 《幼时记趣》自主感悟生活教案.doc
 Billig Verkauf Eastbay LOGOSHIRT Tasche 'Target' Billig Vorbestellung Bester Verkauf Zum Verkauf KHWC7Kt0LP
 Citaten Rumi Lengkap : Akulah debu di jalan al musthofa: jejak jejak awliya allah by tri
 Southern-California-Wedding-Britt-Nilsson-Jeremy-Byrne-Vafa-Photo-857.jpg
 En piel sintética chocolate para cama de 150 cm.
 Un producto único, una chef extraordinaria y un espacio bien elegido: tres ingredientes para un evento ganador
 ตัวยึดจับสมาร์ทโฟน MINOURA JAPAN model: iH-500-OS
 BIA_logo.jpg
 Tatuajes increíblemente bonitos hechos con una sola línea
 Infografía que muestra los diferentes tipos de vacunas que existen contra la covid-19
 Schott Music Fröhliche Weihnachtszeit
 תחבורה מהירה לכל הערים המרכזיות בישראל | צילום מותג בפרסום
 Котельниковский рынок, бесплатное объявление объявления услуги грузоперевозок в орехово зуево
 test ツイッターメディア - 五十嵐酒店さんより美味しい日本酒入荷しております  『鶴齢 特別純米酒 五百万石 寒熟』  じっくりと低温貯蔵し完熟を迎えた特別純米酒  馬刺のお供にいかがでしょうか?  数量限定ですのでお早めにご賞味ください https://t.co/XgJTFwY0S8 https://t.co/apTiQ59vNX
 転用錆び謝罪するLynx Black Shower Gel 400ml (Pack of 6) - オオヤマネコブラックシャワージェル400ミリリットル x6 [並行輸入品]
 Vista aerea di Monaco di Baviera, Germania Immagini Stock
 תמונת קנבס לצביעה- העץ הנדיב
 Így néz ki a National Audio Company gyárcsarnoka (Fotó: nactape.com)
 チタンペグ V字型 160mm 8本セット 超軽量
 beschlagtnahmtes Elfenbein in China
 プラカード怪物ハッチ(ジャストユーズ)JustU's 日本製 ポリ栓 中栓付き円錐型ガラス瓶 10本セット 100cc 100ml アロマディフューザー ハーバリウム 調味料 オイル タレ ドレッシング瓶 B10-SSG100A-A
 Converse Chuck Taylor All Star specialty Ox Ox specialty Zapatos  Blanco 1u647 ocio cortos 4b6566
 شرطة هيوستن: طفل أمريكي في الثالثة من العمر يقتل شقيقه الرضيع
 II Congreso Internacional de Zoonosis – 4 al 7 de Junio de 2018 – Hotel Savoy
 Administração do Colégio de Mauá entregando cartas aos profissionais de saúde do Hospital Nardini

### Aim of the task:
Retype only the lines running from the top of the listing to the line that holds "Vista aerea di", both ends included.

### Response:
 《幼时记趣》自主感悟生活教案.doc
 Billig Verkauf Eastbay LOGOSHIRT Tasche 'Target' Billig Vorbestellung Bester Verkauf Zum Verkauf KHWC7Kt0LP
 Citaten Rumi Lengkap : Akulah debu di jalan al musthofa: jejak jejak awliya allah by tri
 Southern-California-Wedding-Britt-Nilsson-Jeremy-Byrne-Vafa-Photo-857.jpg
 En piel sintética chocolate para cama de 150 cm.
 Un producto único, una chef extraordinaria y un espacio bien elegido: tres ingredientes para un evento ganador
 ตัวยึดจับสมาร์ทโฟน MINOURA JAPAN model: iH-500-OS
 BIA_logo.jpg
 Tatuajes increíblemente bonitos hechos con una sola línea
 Infografía que muestra los diferentes tipos de vacunas que existen contra la covid-19
 Schott Music Fröhliche Weihnachtszeit
 תחבורה מהירה לכל הערים המרכזיות בישראל | צילום מותג בפרסום
 Котельниковский рынок, бесплатное объявление объявления услуги грузоперевозок в орехово зуево
 test ツイッターメディア - 五十嵐酒店さんより美味しい日本酒入荷しております  『鶴齢 特別純米酒 五百万石 寒熟』  じっくりと低温貯蔵し完熟を迎えた特別純米酒  馬刺のお供にいかがでしょうか?  数量限定ですのでお早めにご賞味ください https://t.co/XgJTFwY0S8 https://t.co/apTiQ59vNX
 転用錆び謝罪するLynx Black Shower Gel 400ml (Pack of 6) - オオヤマネコブラックシャワージェル400ミリリットル x6 [並行輸入品]
 Vista aerea di Monaco di Baviera, Germania Immagini Stock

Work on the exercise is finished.